First, they explored the test’s potential in brain tissue from people with Parkinson’s, dementia with Lewy Bodies (DLB), Alzheimer’s disease, and from healthy people who served as controls. DLB and Alzheimer’s are both neurodegenerative diseases, but only DLB is marked by alpha-synuclein buildup.
The combined approach was extremely sensitive at distinguishing Parkinson’s and DLB patients from Alzheimer’s patients and healthy controls. It also allowed for the aggregates to be detected earlier than with SAA alone.
Next, the team evaluated the diagnostic effectiveness of the combined test using CSF samples from 62 Parkinson’s patients (58% women), with a mean age of 57.5, and 34 age-matched healthy people (47% women).
Results again showed the test could discriminate between people with and without Parkinson’s with high accuracy.
In addition, alpha-synuclein clump levels measured with the combined approach were significantly associated with Parkinson’s severity, as assessed with the validated Unified Parkinson’s Disease Rating Scale-Part-III and the Hoehn and Yahr scale. In contrast, when SAA was used alone, the results were not linked to measures of clinical severity.
The observed association between the combined test readout and disease severity was then confirmed in a second group of CSF samples — 49 Parkinson’s patients (mean age 64) and 48 age- and sex-matched healthy people.

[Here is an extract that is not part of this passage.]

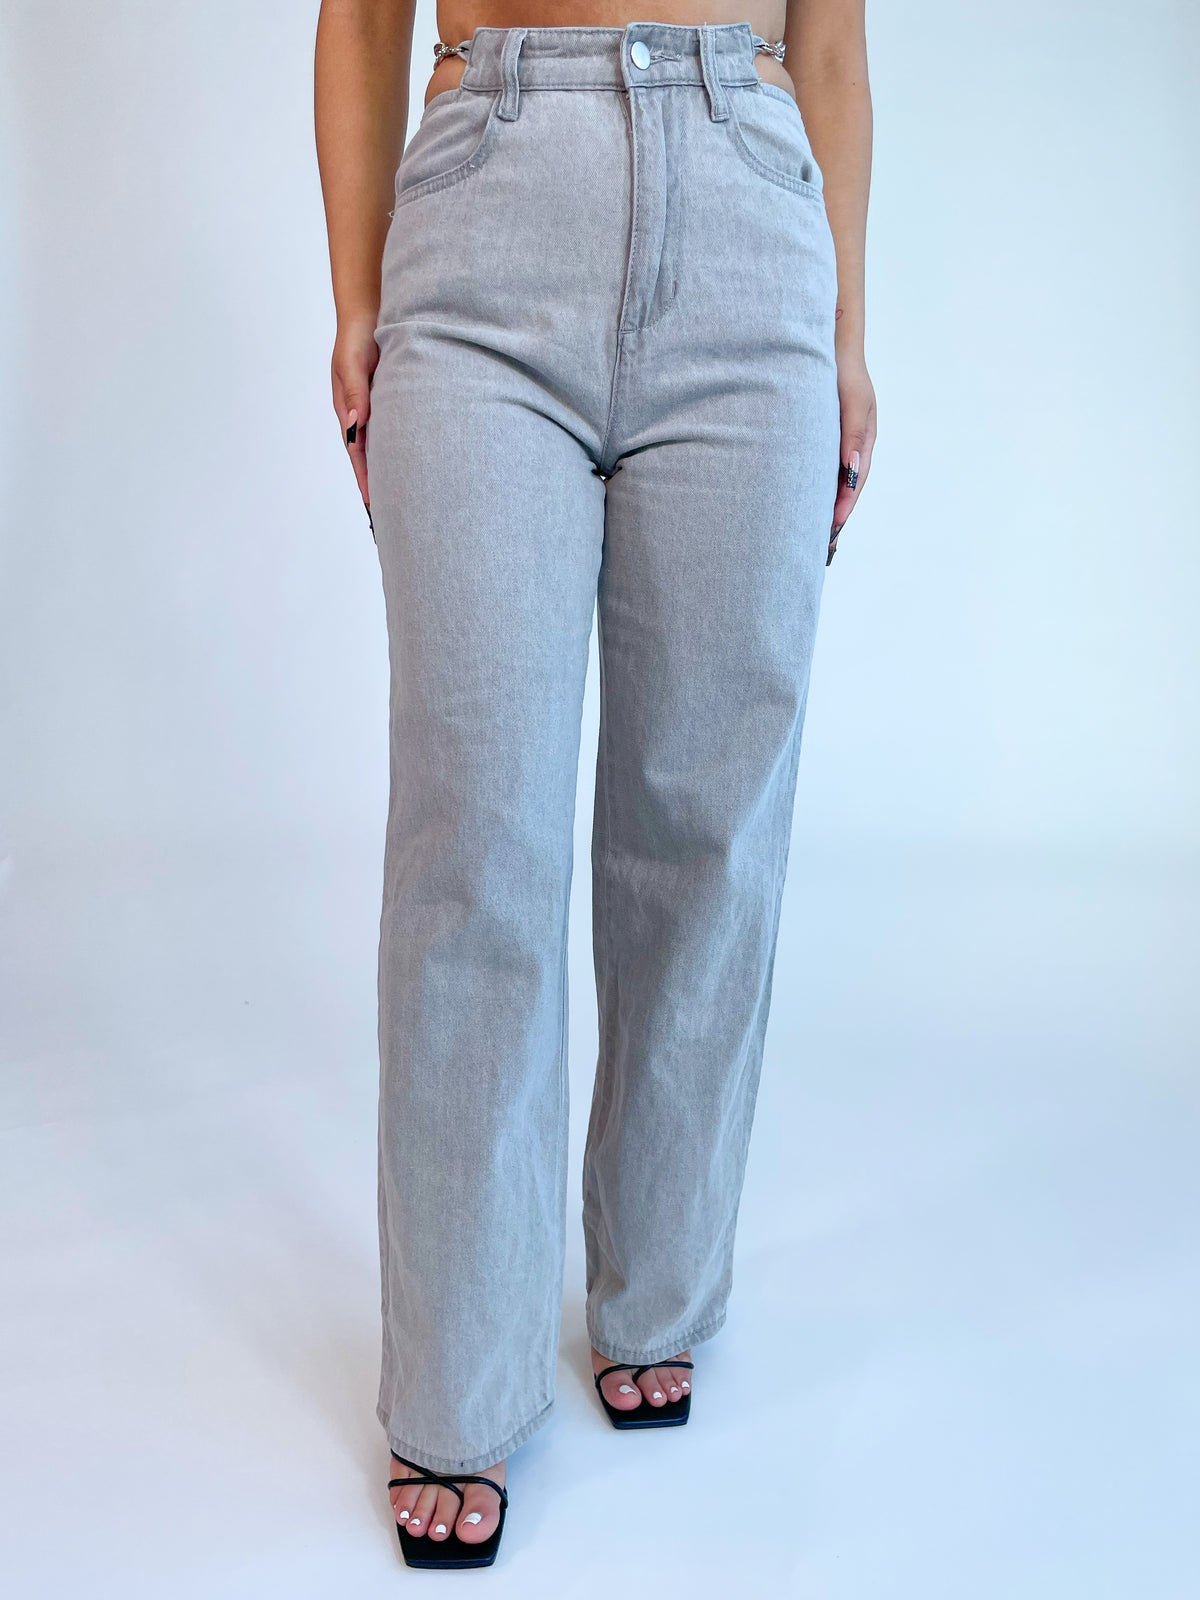 grey straight leg jeans, high waisted, hip cutouts, chain waist detail (on both sides)
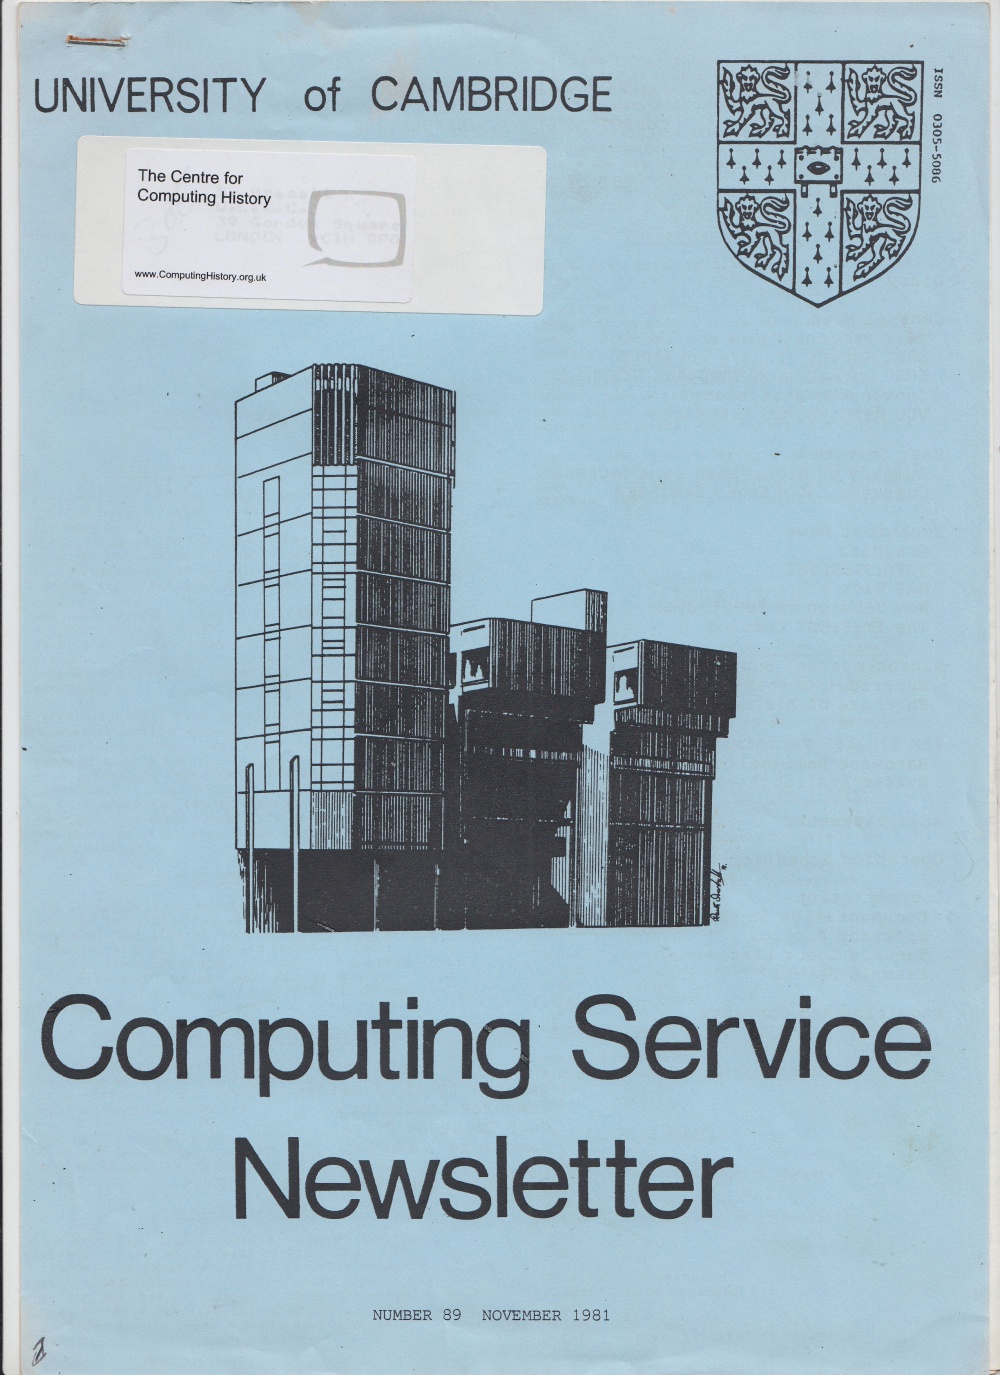 Article: University of Cambridge Computing Service November 1981 Newsletter 89

Results were similar to those in the first group, again showing significant correlations between test output and both measures of Parkinson’s severity.
The findings overall support the combined ELISA-SAA test for detecting Parkinson’s disease and its severity.
“We have established and validated a novel approach to provide clinical information about underlying disease severity in patients with [Parkinson’s], and thus perhaps a promising tool to support clinical trials targeting [alpha-synuclein] aggregates in [Parkinson’s],” the researchers wrote, noting future studies that tested patients over time could reveal more about the approach’s potential.
Future research should also assess whether this combined approach is useful with other alpha-synuclein-associated diseases, and in testing therapies that target protein aggregation, they said.